(Beginning of MATERIALS PROVIDED)
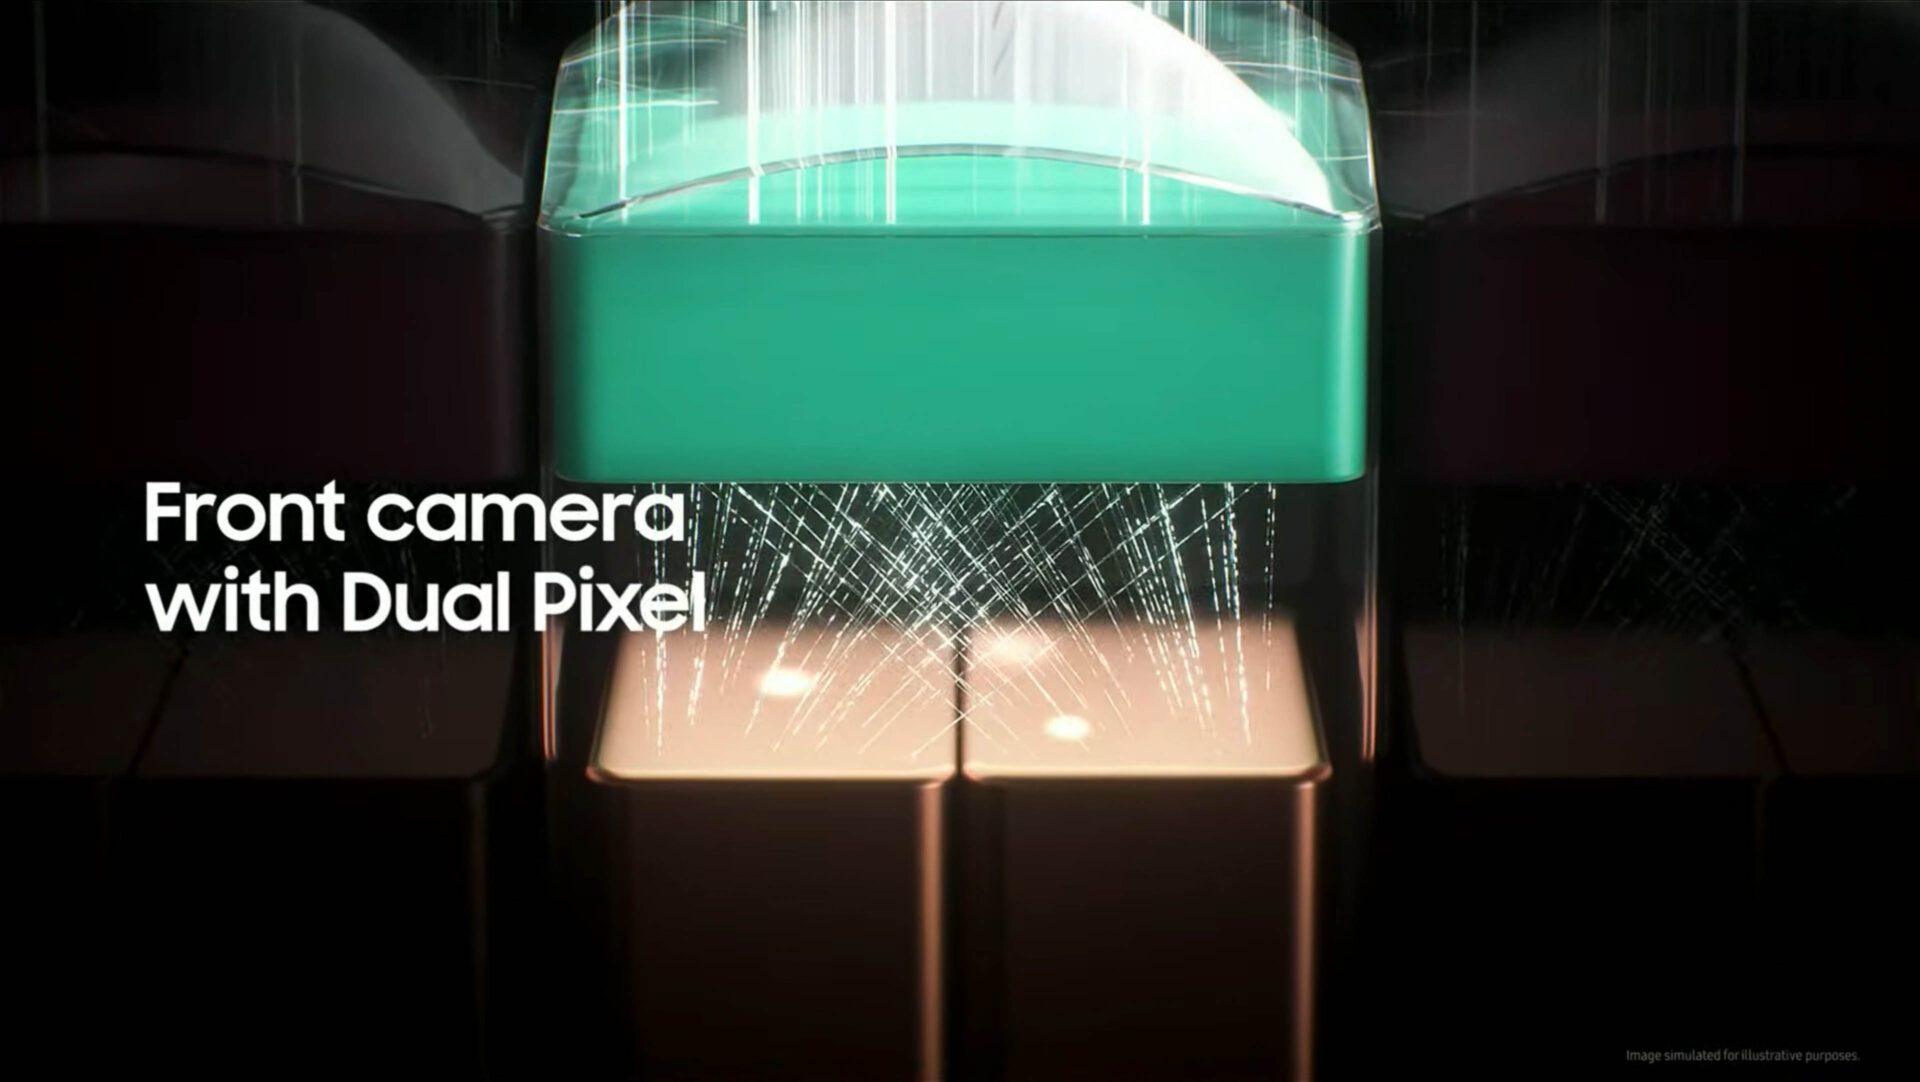 Les capteurs Dual Pixel ont des photodiodes scindées en deux sous la microlentille. Chaque pixel devient alors capable de participer à la mise au point de manière très efficace. Canon utilise le même genre de technologie pour les capteurs de ces hybrides.
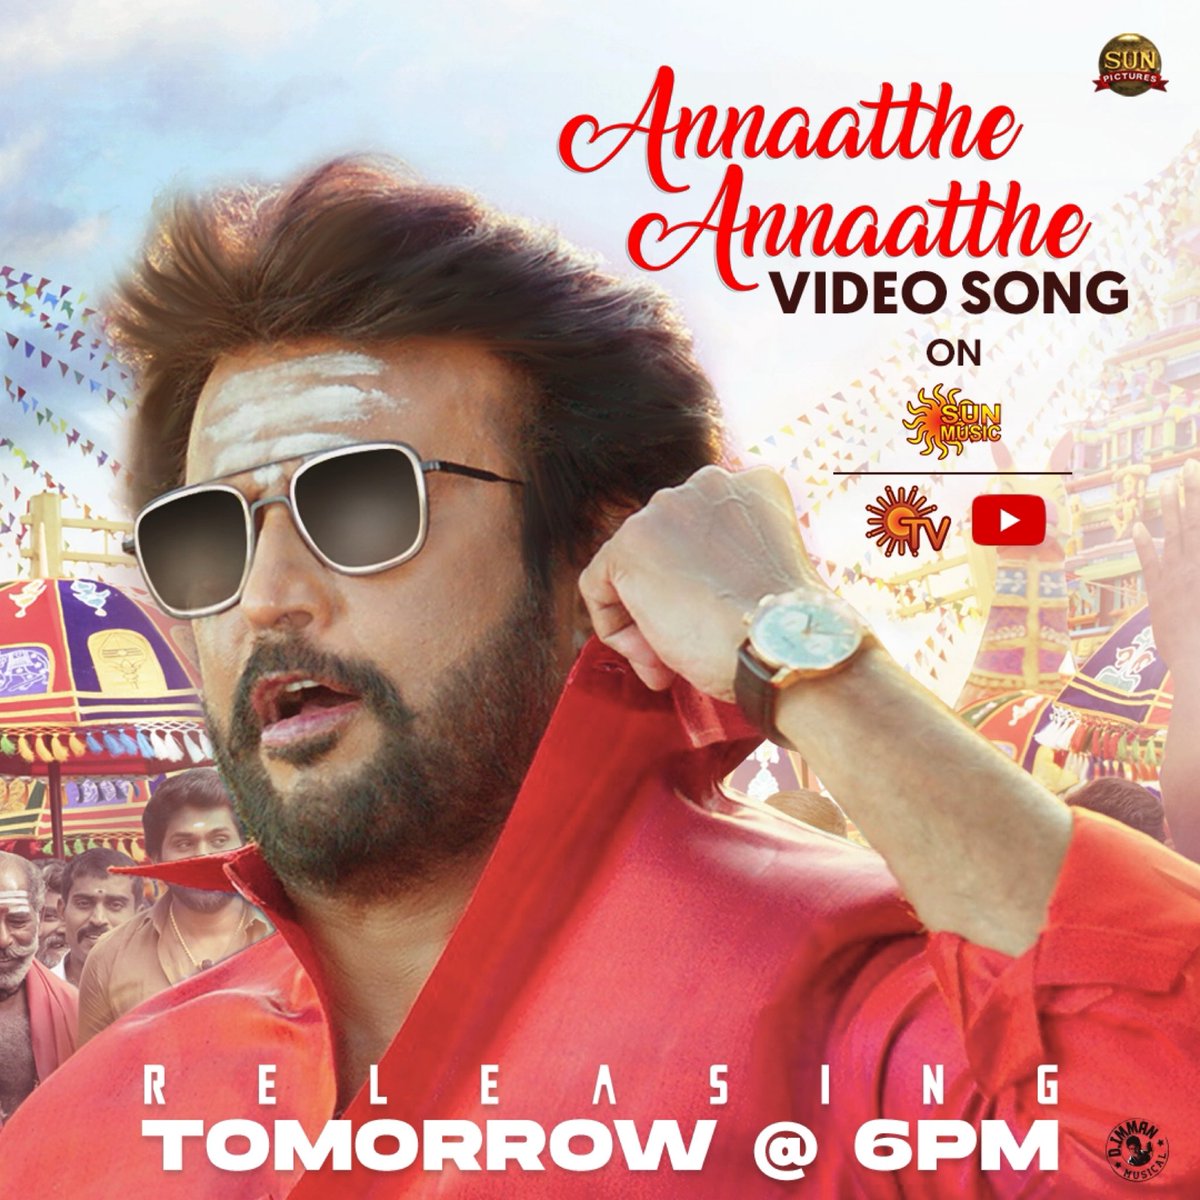 #AnnaattheAnnaatthe Video song  from tomorrow! 6pm! On SunTv and YouTube!
#DImmanMusical
Praise God!

@directorsiva @sunpictures @rajinikanth
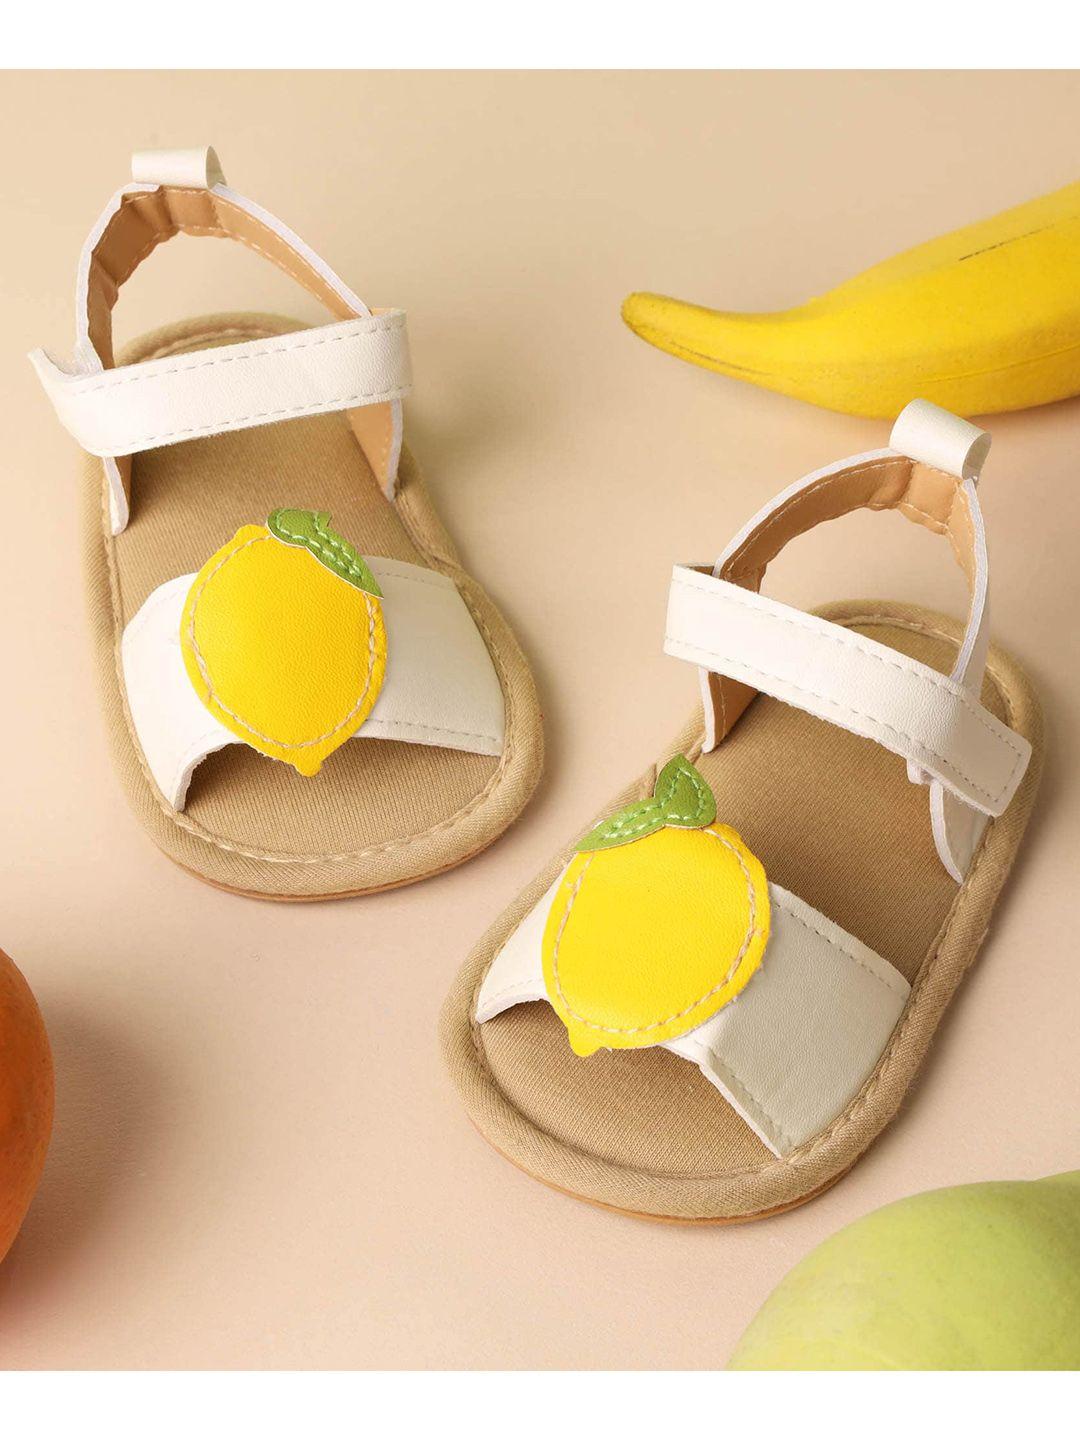 kicks & crawl girls white & yellow comfort sandals
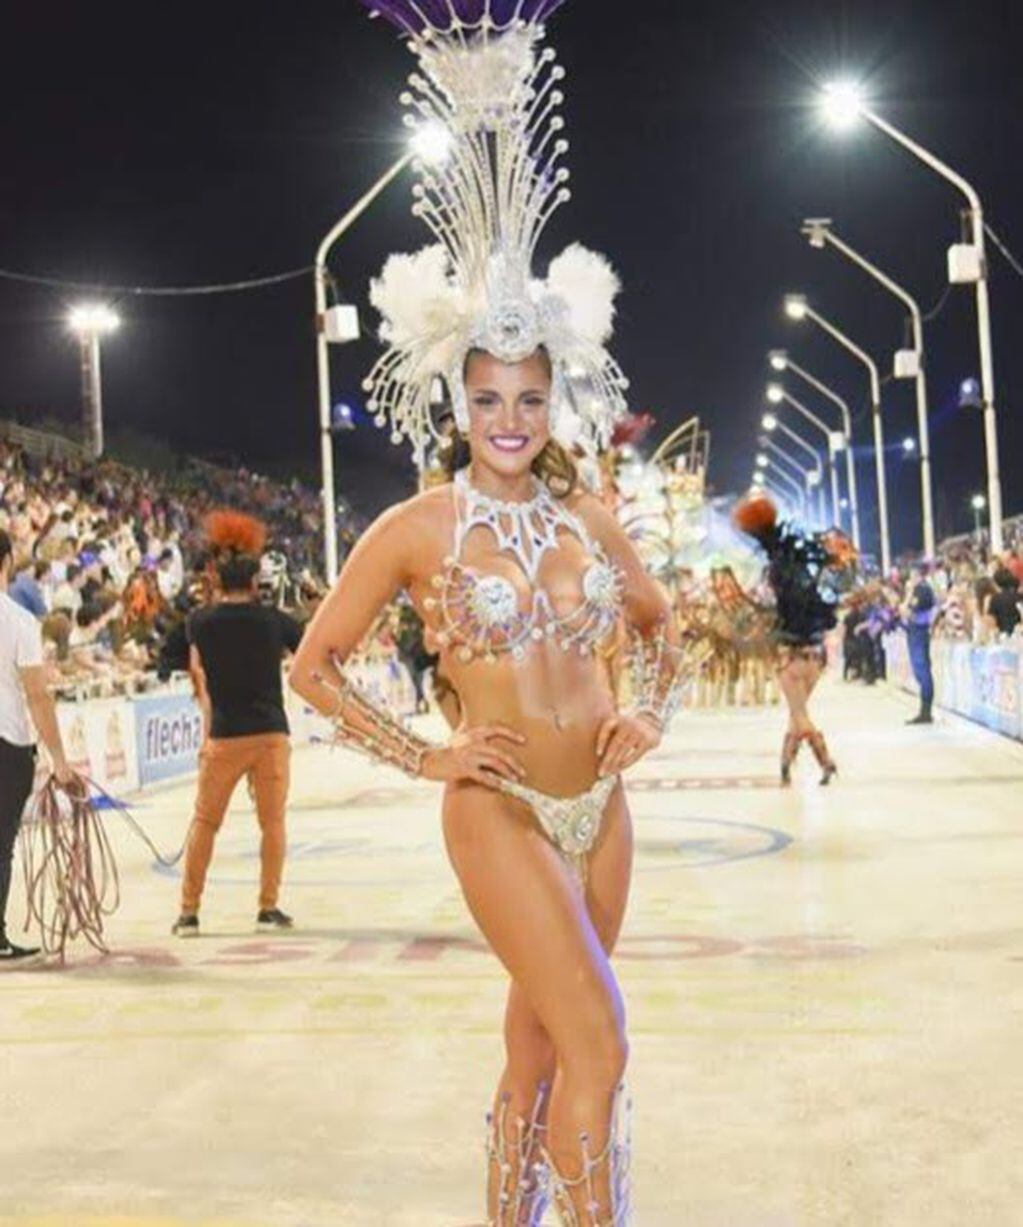 Valentina Riva
Crédito: Carnaval del país
(End of MATERIALS PROVIDED)
No pictures belong in the output. Restate word for word only the lines from the one containing "#DImmanMusical" to the end of the entries above.

*TASK SOLUTION*:
#DImmanMusical
Praise God!

@directorsiva @sunpictures @rajinikanth
 kicks & crawl girls white & yellow comfort sandals
 Valentina Riva
Crédito: Carnaval del país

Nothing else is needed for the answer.